MIDDLETOWN – The Orange County Industrial Development Agency’s Accelerator incubator opened a new Middletown branch Tuesday near the Touro medical college in the former Horton Hospital, helping 13 burgeoning health-related businesses.

Middletown’s Accelerator will focus on fostering businesses such as medical device makers.

"It’s really exciting," said Middletown Mayor Joe DeStefano, who touted the city's $24,000 grant toward the incubator’s $175,000 cost. "After these businesses grow, the question is, ‘How can Middletown work with the Accelerator to expand the program to bring in more businesses and create more jobs and economic opportunity?’"

About 70 regional economic development officials, politicians and businesspeople attended Tuesday's event, with three receiving the most kudos.

Since Laurie Villasuso, the IDA’s chief operating officer and executive vice president, began in January 2016, and managing director Vincent Cozzolino started in July 2015, they’ve been widely credited for turning around the once-moribund Accelerator.

The attendees also praised Danza-Leser Group founder and developer Tony Danza, who owns the former Horton Hospital, for making the new incubator possible.
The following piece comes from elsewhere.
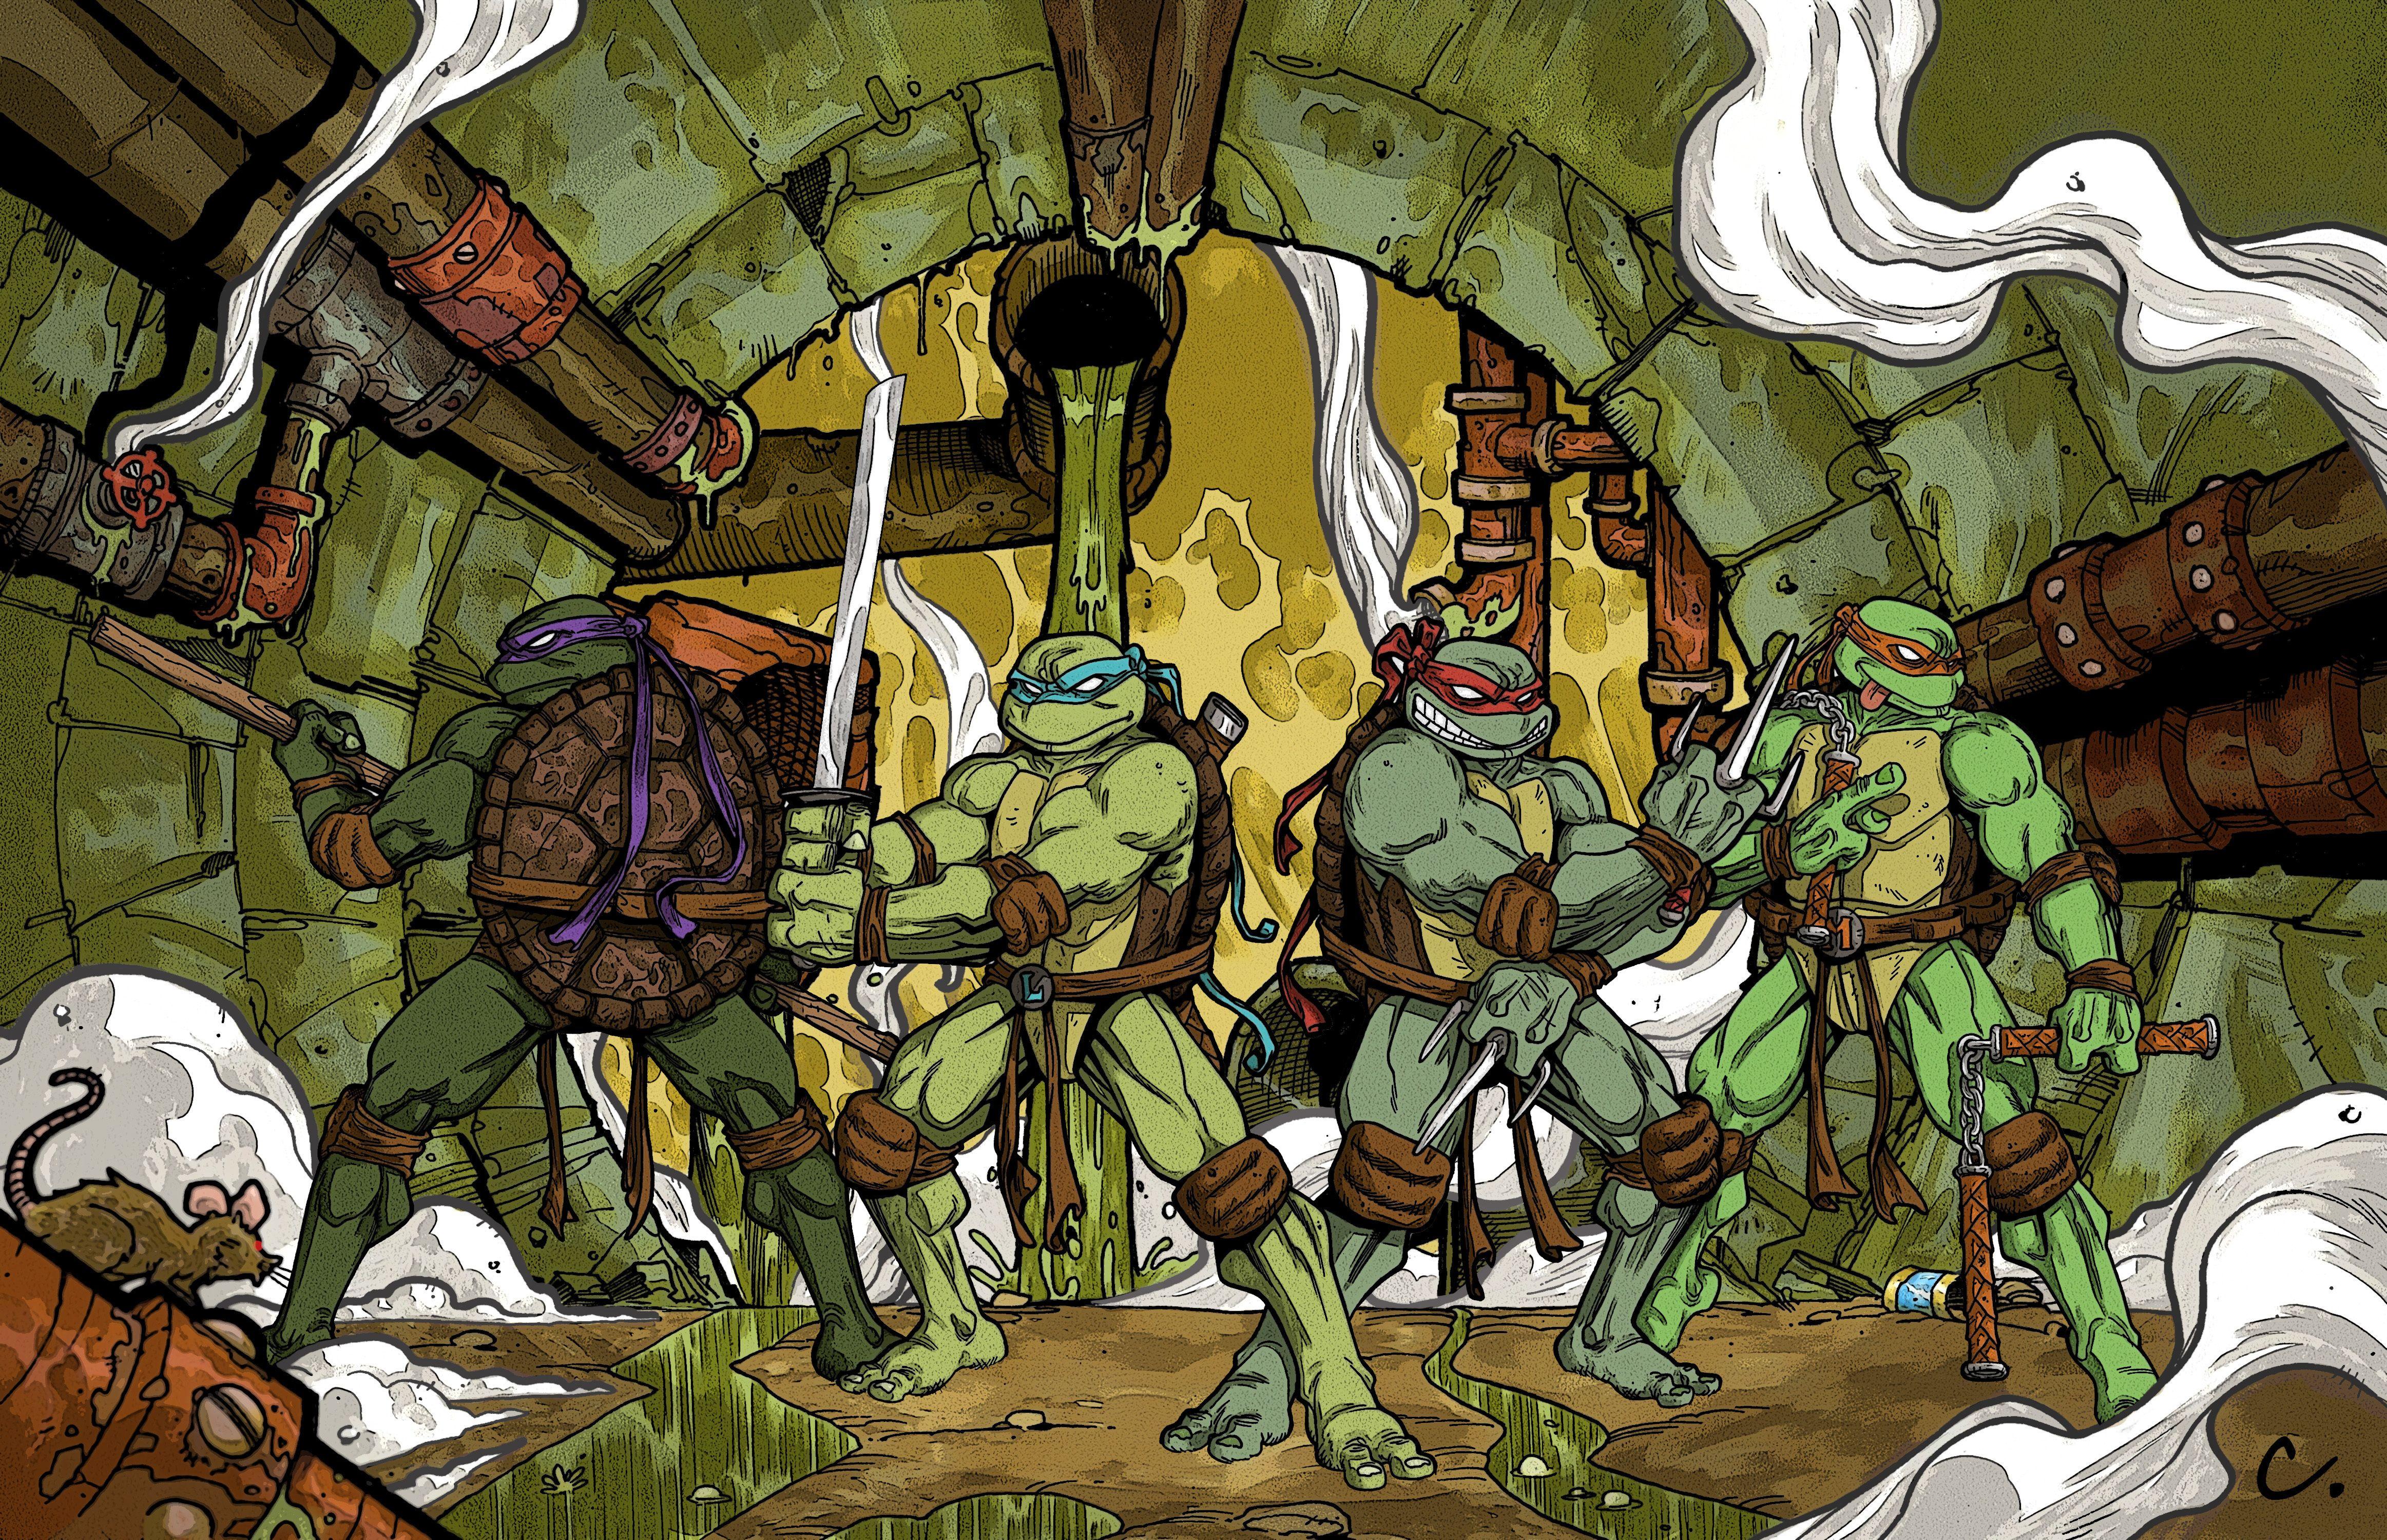 teenage mutant ninja turtles wallpapers free

Danza is letting the incubator stay rent-free for 18 months.

"What we love is that all these incubator businesses complement and help each other, while finding ways to improve each other’s products," Villasuso said.

Across the county, more businesses will soon get the chance to collaborate. Before the end of 2018, the Accelerator plans to open three more locations in Highland Falls, Port Jervis and the Town of Wallkill. The original Accelerator incubator is based at Stewart International Airport.

The Accelerator currently uses a $1.3 million budget to offer 20 businesses free and low-cost space, access to equipment like expensive design software and advice on navigating startup challenges. The Accelerator’s budget comes from the fees businesses pay to the Orange County IDA, the state-designed organization that considers providing certain tax breaks to development projects.

"I chose the Accelerator because they have a wealth of ways to help me, and they’re a gateway for me to reach all kinds of resources for start-ups," said Cindy Allyn, CEO of Farmbody Skin Care, which makes a range of natural products, including a beer-based line.

Matias Campiani, CEO of the new Middletown incubator business Welwaze, said the Accelator has offered critical help.

His company is developing a circular foam device with chemical-coated foil to help women detect breast cancer. He hopes it will hit the market in a year.

"We’re trying to prevent women from dying of breast cancer," said Campiani, who's also developing a health app. "If we can catch breast cancer in Stage 0 or Stage 1, the survival rate is close to 100 percent."

Hanna Wollocko, president and CEO of the Accelerator-affiliated business OxyVita Inc., is working on her own potentially life-saving invention.

She hopes her artificial blood product could, among other things, keep transplant organs fresh for longer periods. She wants to bring it to market in about four years.

"The Accelerator offered us great help in quickly finding an affordable manufacturing facility without any problems," Wollocko said.

New incubator tenant, Tony Reid, CEO of Drone Tech UAS, praised the Accelerator’s staff for nurturing his business, which includes delivering medical supplies.

"They just keep asking if we’ve got what we need to succeed," Reid said.